J’apprends par une amie que La Tribune de Genève a été la première à faire un article sur ce braconnage odieux.
Je vous fais part d’une très belle trouvaille : un site sur les oiseaux du Jura
http://www.grandmamanjacqueline.com/
Allez-y vite !
Pousse-toi, Anaïs, laisse-moi , aujourd’hui, la place.
Le propre d’un blog est de montrer et de cacher au même temps. Car malgré les énormes moyens électroniques mis en œuvre pour faire et lire un blog, les auteurs et les lecteurs restent, eux, très humains. Nous, les humains sommes en constante contradiction, comme nos œuvres et donc, aussi notre internet, moyen de nous approcher et nous éloigner les uns des autres.
Je dis que dans un blog nous affichons des mots, des phrases, des périphrases, des pensées, des photos, des images variées, que nous présentons comme sincères. Au même temps nous affichons nos « profils » (tiens, je me rends compte que je n’ai coché la case « éditer votre profil ») mais pas nos identités.

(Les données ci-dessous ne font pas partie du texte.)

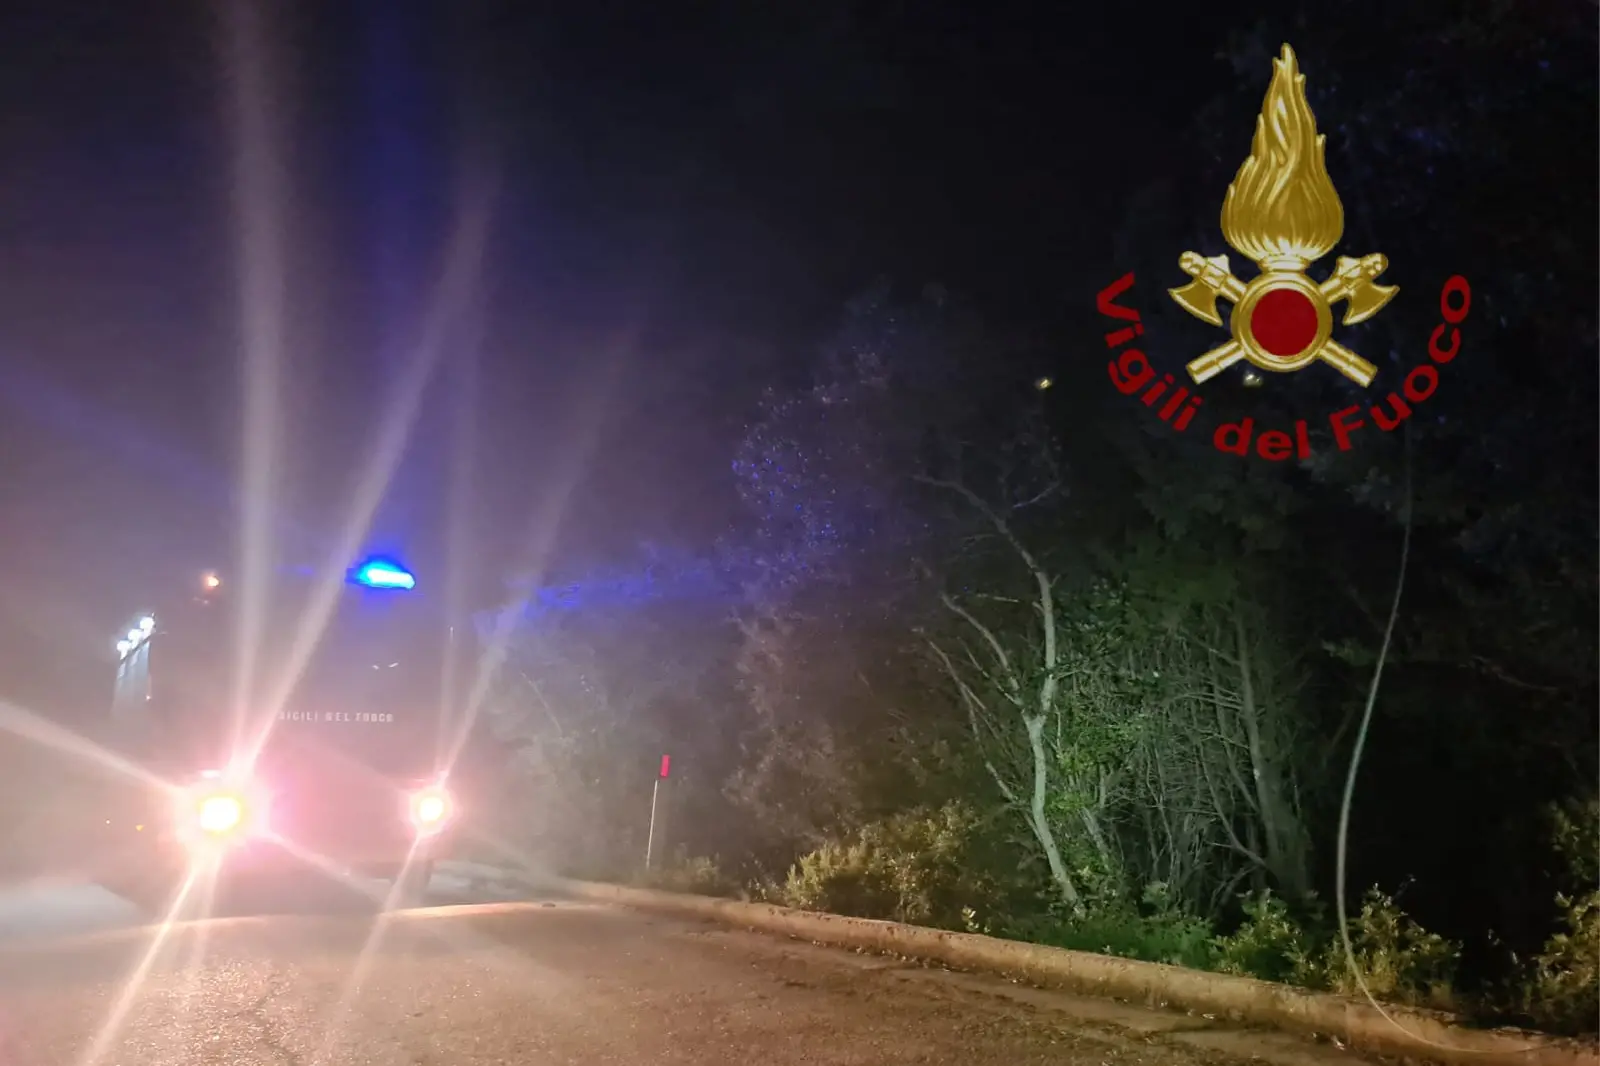 An intervention by the Sassari firefighters

Identité ? C’est-à-dire ? Si j’écris « Anaïs gone de 4 ans » …Comment imaginez-vous l’animal ? Hautaine comme une Lyonnaise ? Mangeant un tablier de sapeur ? Jouant avec une cervelle de canut ? Je vous donne le nom de l’élevage dans lequel elle née (tiens, une nationalité vaut-elle nom d’élevage ?) :
Sauriez-vous comment est sa robe après une journée de pluie ? Ses moustaches après a voir mangé une glace à la vanille ? Les chiens qu’elle préfère ? Ses rites autour de sa gamelle ? Ses défauts d’éducation ? Sa façon de dire « bonjour » à ses maîtres et aux humains bien aimées ?
Donc si je veux me dévoiler virtuellement comment faire ? Que dois-je dire ? Virtuellement. Car nous sommes sur un réseau virtuel. J’ai un doute. Virtuel ? Je prends le Petit Robert. (Oui, je sais c’est un truc de bachot : noircir des pages avec le Robert). A la page 2682
virtuel. « Qui ne tel qu’en puissance, qui est à l’état de simple possibilité. »
Avant cette première définition il y a une information que d’habitude ne lisons pas car nous sommes trop pressés. Pour une fois arrêtons-nous à lire l’histoire du mot. « 1503, rare av.2° moitié du XVIIe ; lat.scolast. virtualis, du lat. virtus « vertu ». Ensuite, il nous est dit qu’à la fin du XVIIIe siècle (nous sommes au début de la révolution industrielle mère de toutes ou presque nos manières de faire et de penser), les physiciens inventent une dégénérescence du mot virtuel, vous souvenez celui qui descendait de « vertu », le travail virtuel. Seigneur de la Mécanique Céleste ! Plus tard apparaîtront : particules virtuelles, objet virtuel, réalité … réalité virtuelle… réseaux virtuels, web…
Je reviens à mon identité virtuelle, c’est-à-dire en simple possibilité, en puissance ? Une fois encore, prise de doute j’ouvre le dictionnaire et lis que
le sens faible de puissance est « moyen ou droit grâce auquel on peut (faire qqch.) – capacité ‘La puissance de bien juger (…) est égale en tous les hommes’ (Descartes).
Ah, Ah, chère et cher Touffe, tu es en droit logique de te demander y a t il donc un sens fort de puissance? Oui, tu as bien et logiquement réfléchi :
« Etat d’une personne qui peut beaucoup, qui a une grande action sur les personnes, les choses, domination qui en résulte. ‘La puissance de Dieu est infinie’ (Balzac).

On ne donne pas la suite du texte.